7 Comments

We tried this. Antiwar.com and libertarians WERE part of the anti-Iraq War movement. So much so that Ron Paul largely ran his campaigns by leaning hard on anti-interventionism, which attracted people across the spectrum. What did we get for this? Eventually he and others like him turned into the loons calling Obama a Socialist, and red-baiting everything left of center.

Simply put, the complete schism between public opinion and public policy has made antiwar organizing almost pointless. It is much easier to galvanize people to vote on what are considered "domestic" issues. And on those matters, there's no nexus for organizing with the right.

Expand full comment

Murtaza, you wrote about US conservatives: "appealing to them on the basis of their national identity and interests is an obvious way to get them to support or oppose a given policy. "

What could be more a part of the national identity than "liberty and justice for all"? What could be more opposed to it than ethnic cleansing and apartheid? yet we have just seen full out support by our President for the slaughter in Gaza, putting Zionism first even at the risk of having Americans die to defend it.

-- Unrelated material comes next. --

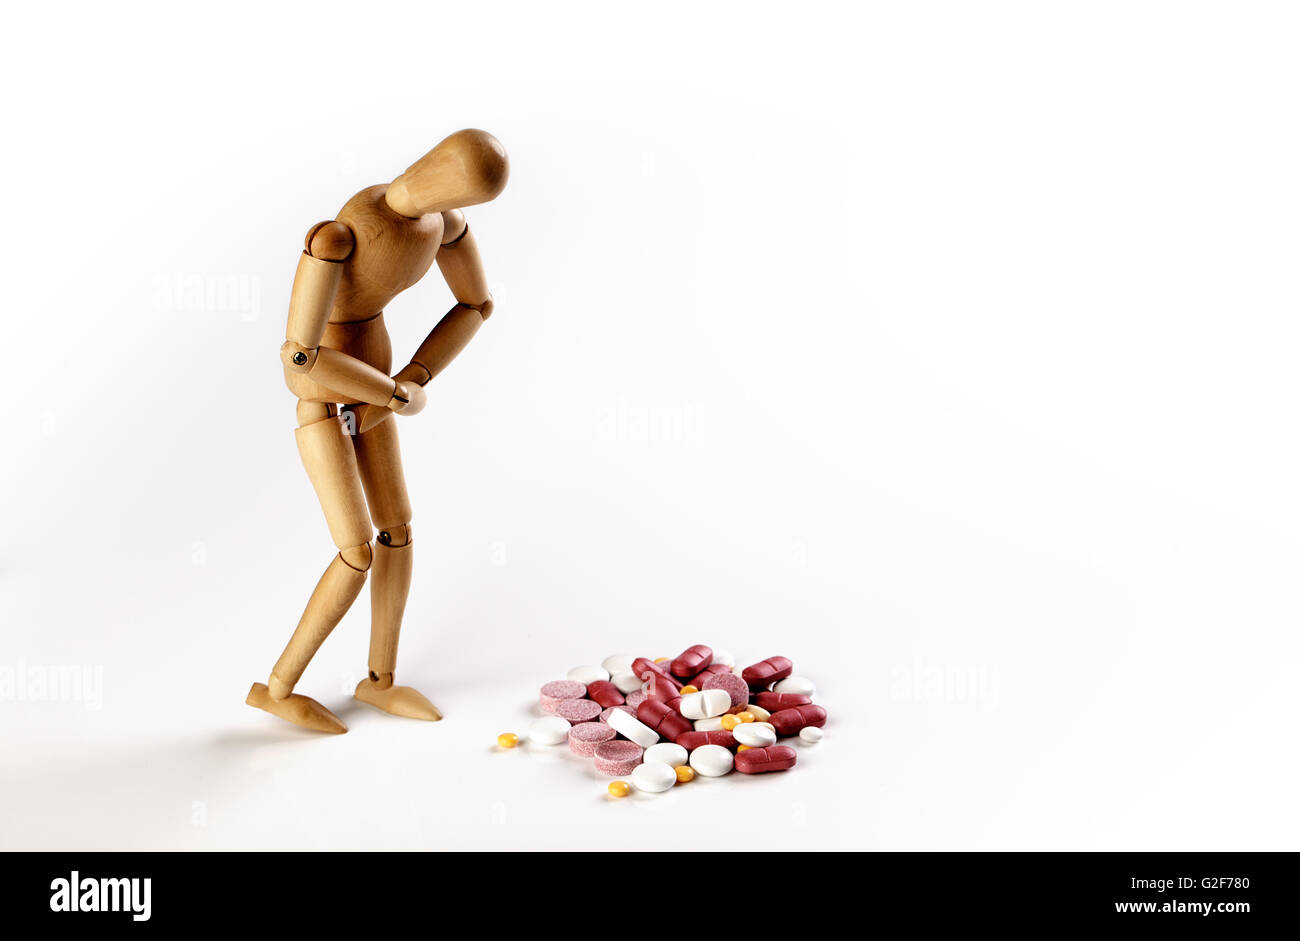 Sick puppet with stomach cramps and pile of colorful pills Stock Photo

Supporters of Israel appear at the current campus demonstrations waving, at the same time, American and Israeli flags. What could be more contradictory, particularly in view of the fact that Jews in America are fully accepted citizens with full rights but have the unique ability to go to Palestine and take land from people with no rights whatsoever? Jews in America have found success in every field and at all levels right up to the top and that is fine. What is not fine is demanding a place on the other side of the world exclusively for Jews with full on eviction and unlimited killing of the natives.

If this blatant, flagrant contradiction presents no problem to conservatives then what hope is there for your proposals? No less a champion for individual rights than Ben Shapiro, who has become wealthy promoting that, has completely capitulated in favor of going after Americans who are exercising those rights to oppose Israel, a foreign country.

Expand full comment

Interesting argument, although I am not sure I agree with all it. I’m not convinced that it really is the crux of the issue as opposed to general apathy. However, as a non-American not living in America I have often thought that one of the problem with these protests is that they tend to be dominated by whichever particular group is more directly impacted and then your forever protesting Lenin-Trotskystes types. It’s why I make a point of dressing well, whether in my more business clothes or weekend wear.

Expand full comment
Apr 25·edited Apr 25

I have similar memories and anguish of the 2003 failed antiwar movement (I was a grad student at Berkeley during 9/11, Iraq War, and 2nd intifada days) and see a lot of uncomfortable parallels to today’s youth movement and it’s inefficacy against the Gaza War.

I think the antiwar left should pragmatically look for alliances and embrace a range of arguments that are likely be persuasive to as large and diverse an audience as possible. However I am skeptical of this idea of embracing a kind of nationalistic framing of the antiwar position for a few reasons.

1. in this cynical age, sincerity matters. As a left-liberal dove, my anti-interventionist stance comes from a belief in justice, righteousness, against the moral hideousness of endless war, hatred of cynicism and corrupt power-concentrated militarist ideologies, and respect for the rule of law. I am likely to be more persuasive when I make my case accordingly rather than just adopting a contrived “peace is patriotic” stance.

2. Promoting endless wars, mega arms sales to Gulf oil tyrants, and catering to foreign lobbies is great for American defense contractors, security think tanks, and the American economy as a whole, at least in the short-term. You know, war actually still is a racket. This puts antiwar nationalism at a huge handicap.

3. Most pro-interventionist arguments by the foreign policy establishment today adopt the neo-con false and selective moralism of “good guys” vs “bad guys” and that “moral clarity” should override concern about international law or norms or long-term strategic interest: The good guys have a moral imperative to simply do what they must. This tends to resonate with Americans already. Why yield the moral high ground to the warmongers?